Via the disorientating cutting technique the viewer focuses both on the whole group but also on different persons, who repeat physical movements while going through mental states. The cutting techniques seduce the viewer as if you were a part of the gathering at the tribunes. The video is cut in relation to the music made by the Christen Filipino pop star, Gary Valenciano. The video reminds you of the music video genre but when you approach the work deeper, it opens you up for the anthropological dimension of this religious gathering.

The Christen movement ”Born again Christian” originates from American missionaries, who spread it to the Philippines. The movement’s religious persuasion is very strict in the sense that the words of God are the most important and religious iconographic representations are strictly forbidden. The only truth is the words of God from the bible. “Born again Christian” rejects the intense use of iconography, which exists in Catholicism. In the Philippines a strong catholic tradition has ruled since the Spanish Inquisition around the 14. Century. Therefore the movement “Born Again Christian” has become a huge popularity in the Philippines.

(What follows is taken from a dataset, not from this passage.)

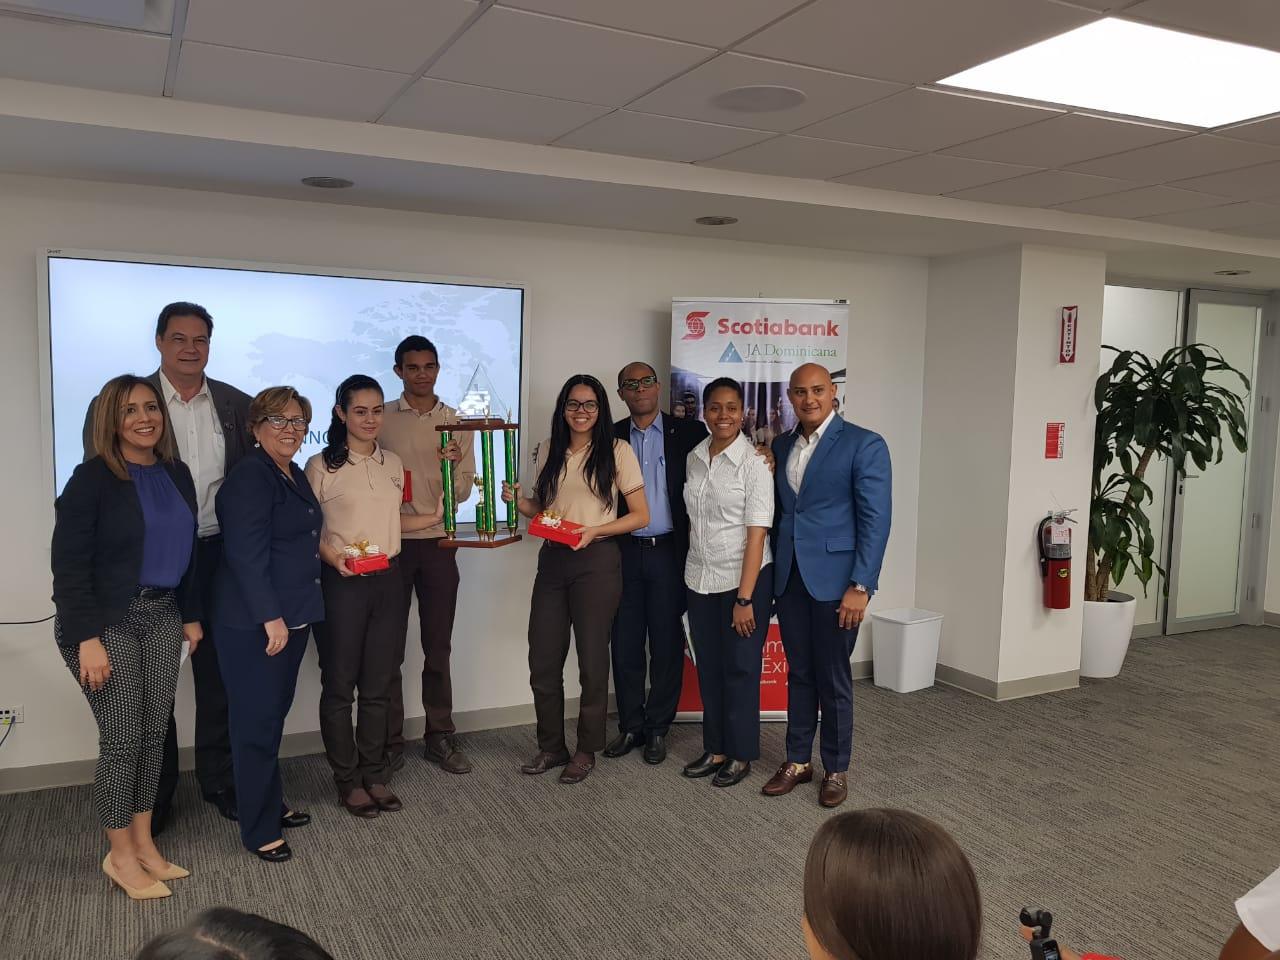 scotiabank equipo ganador campamento de innovación

The video illustrates exactly in an anthropological way the ceremony: dance, song, shout, praying, which forms a sublime celebration to God with many different people. It is not only a private contact to God. In contrast, God is celebrated in an overwhelming social atmosphere. The socio-cultural investigation of the individual versus the mass and how this ceremony creates an existential meaning is the primary message in the video.

Identity and belongings is different from person to person depending on age, social status and culture. Religion has not the same significance in Denmark as at the Philippines. In Denmark you have freedom to choose religion or not. In the Philippines religion is seen as a necessity and support in life.
Lilibeth Cuenca illuminates this significant cultural difference; both from a fascinating point of view but also with an ironic distance in the representation of the ceremony as a music video with the religious pop singer from the Philippines. In the same way she describes the bikers with great fascination but also with great irony. But nevertheless Lilibeth Cuenca shows with these anthropological investigations the significance and the variety of socio cultural constructions. Belongings in general give existential frames and values for the individuals.